Differential effect of mild and severe pulmonary embolism on the rat lung transcriptome

Abstract

BACKGROUND: Pulmonary thromboembolism (PTE) is a common diagnosis and a leading cause of cardiovascular morbidity and mortality. A growing literature has associated PE with systemic inflammation, and global hyper-coagulability, which contribute to lung remodeling and clot recurrence. The source and mechanism of inflammation remains unstudied. In humans, inhibition of cholesterol synthesis with statins decreases biomarkers of inflammation. We test the differential effect of pulmonary vascular occlusion during mild and severe pulmonary embolism on the lung transcriptome.

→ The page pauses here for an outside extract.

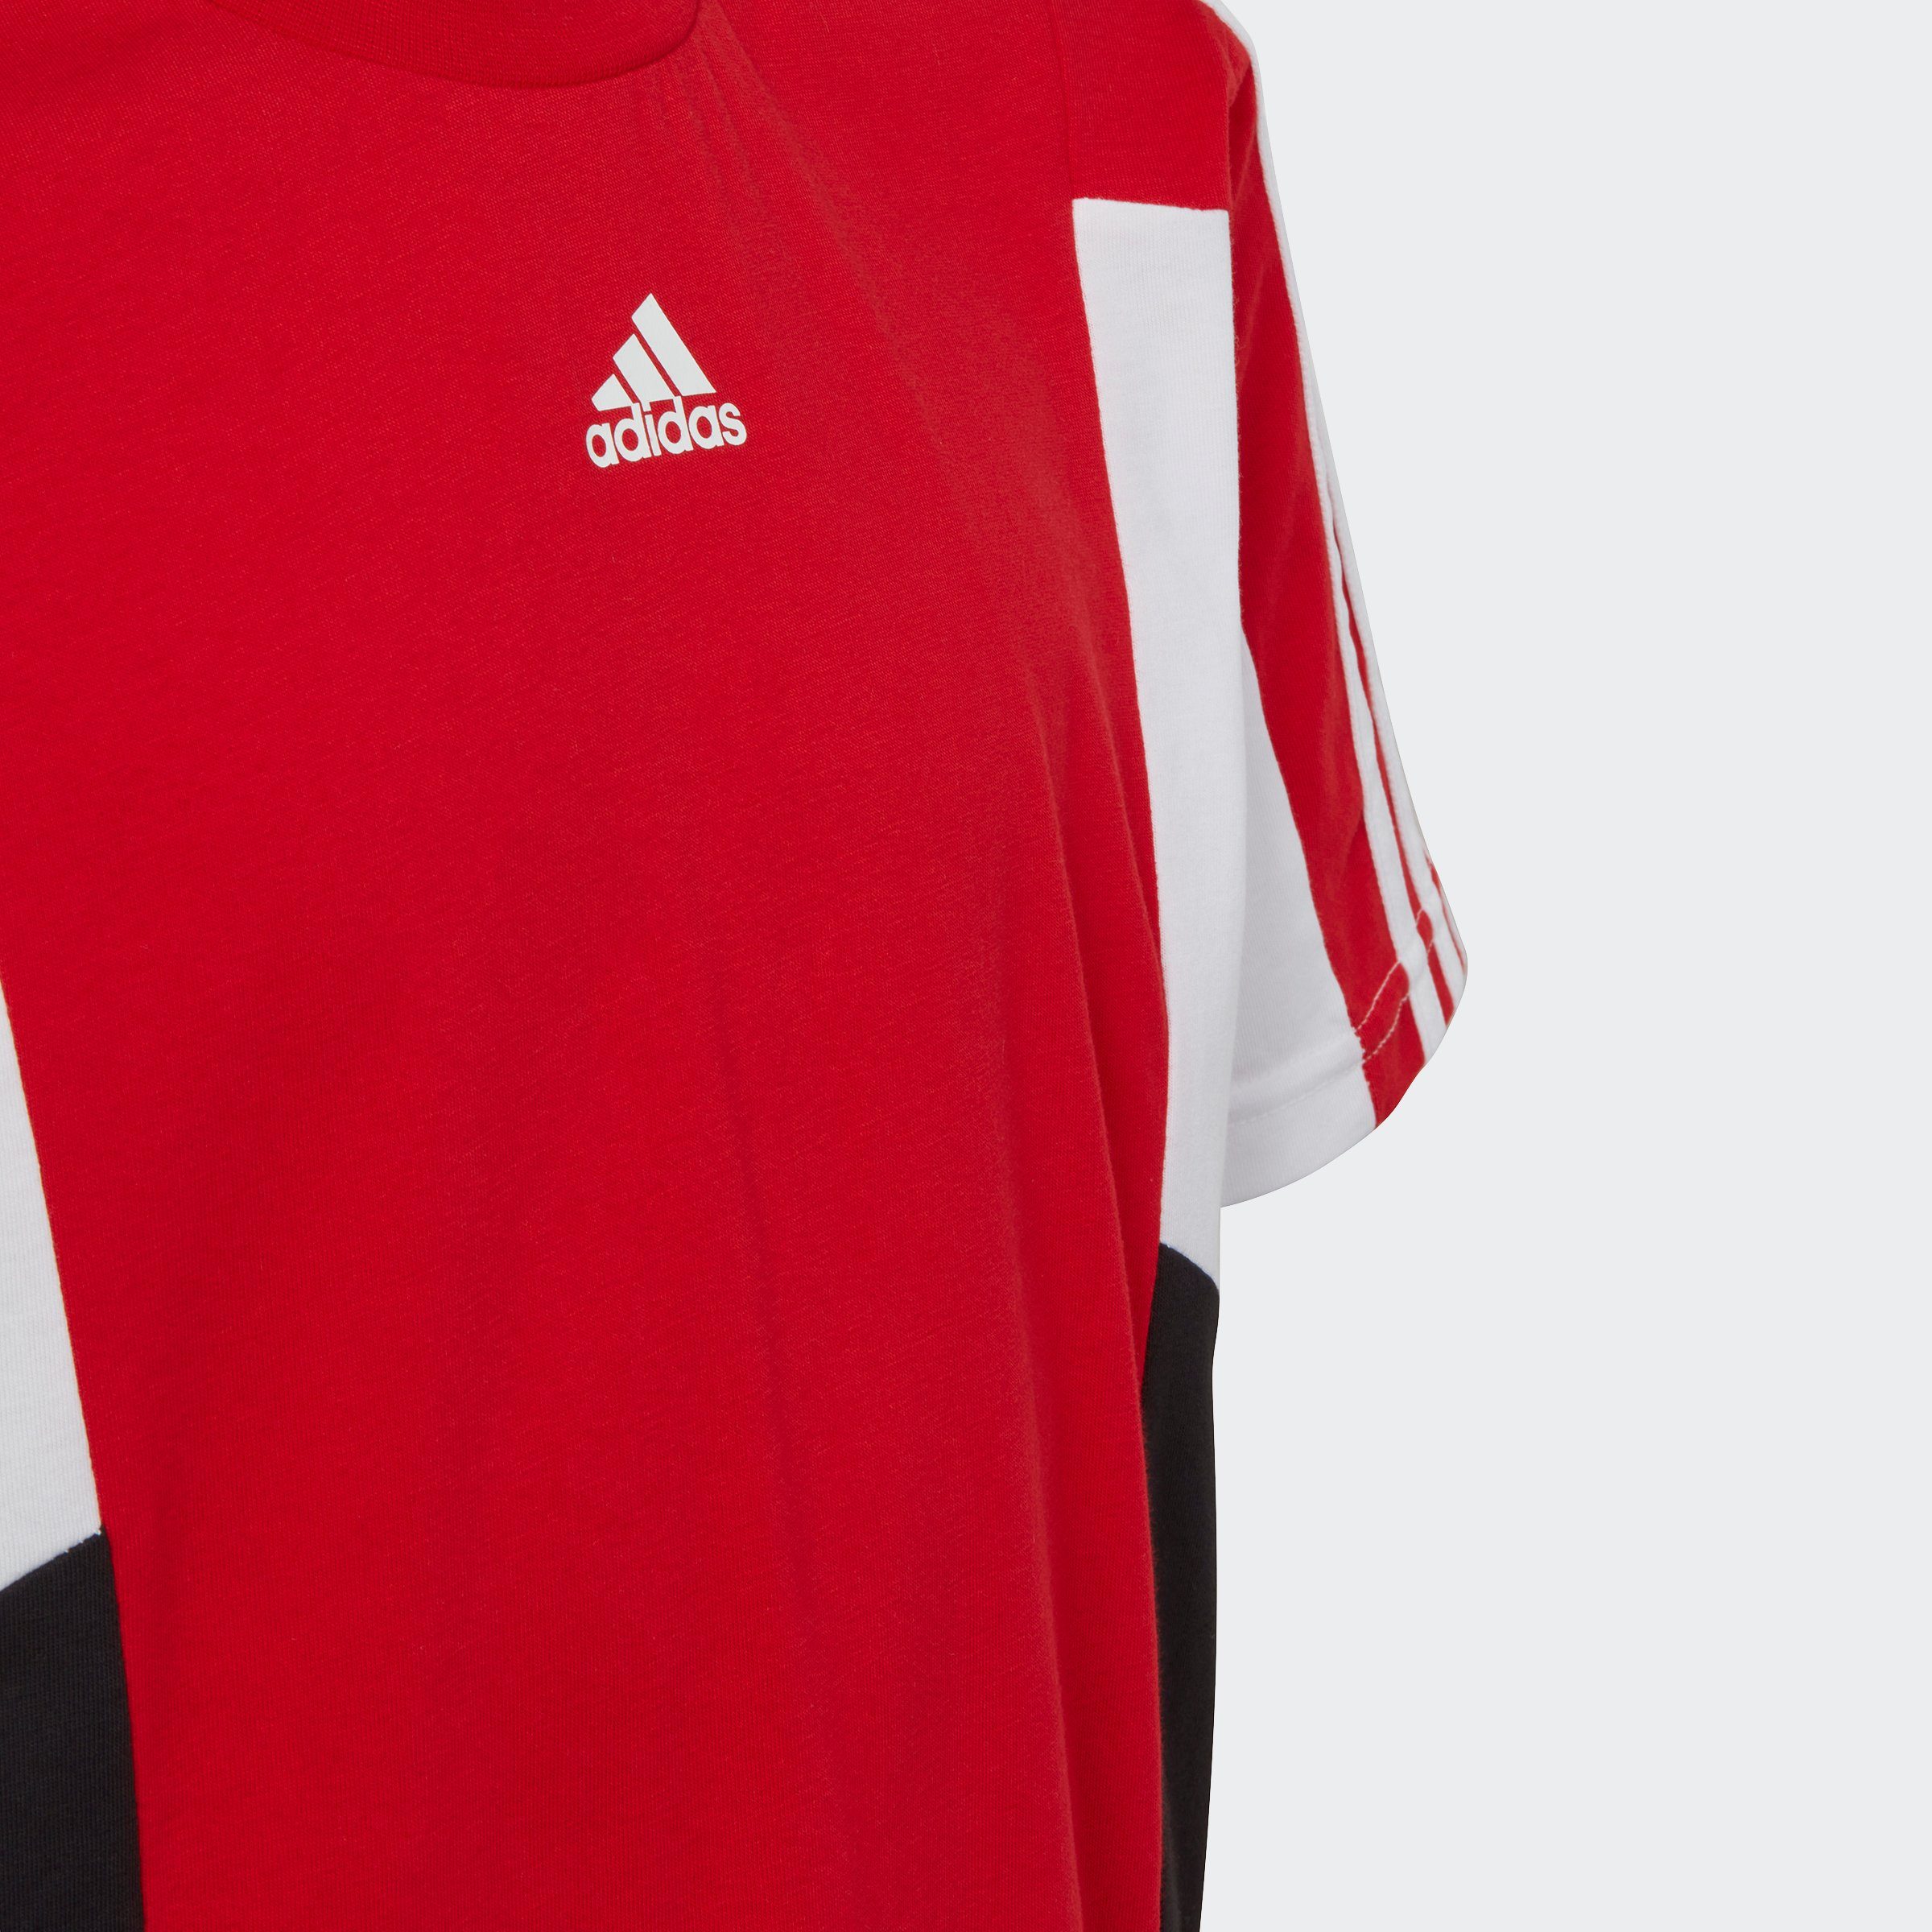 adidas Sportswear T-Shirt 3-STREIFEN / / Black Better White Scarlet FIT COLORBLOCK REGULAR

METHODS: Experimental PE was induced in adult male rats by injection of 25 micron polystyrene microspheres into the jugular vein. The effect of Mild PE, (2-h right ventricular systolic pressure [RVSP] normal, 18-h RVSP 44 mmHg) and Severe PE (2-h RVSP > 50 mmHg; 18-h RVSP 44 mmHg) on lungs was assessed by measuring transcriptome-wide changes in gene expression by DNA microarrays. RESULTS: Severe PE was associated with a large change in lung gene expression and in the expression of KEGG pathways and other gene functional annotation groups. Mild PE was also associated with a large number of significant changes in gene expression and in the expression of KEGG pathways and gene functional annotation groups, even after only 2 h of PE. Up-regulated pathways included increased adipocytokine, chemokine and cytokine signaling as well as cholesterol synthesis. CONCLUSIONS: Mild PE without acute pulmonary hypertension (PH) increased lung gene expression of inflammatory pathways, including increased cholesterol synthesis. These data indicate that even mild persistent pulmonary vascular occlusion is capable of inciting an inflammatory response from the lung. These data imply the detrimental effect of unresolved pulmonary obstruction from PE.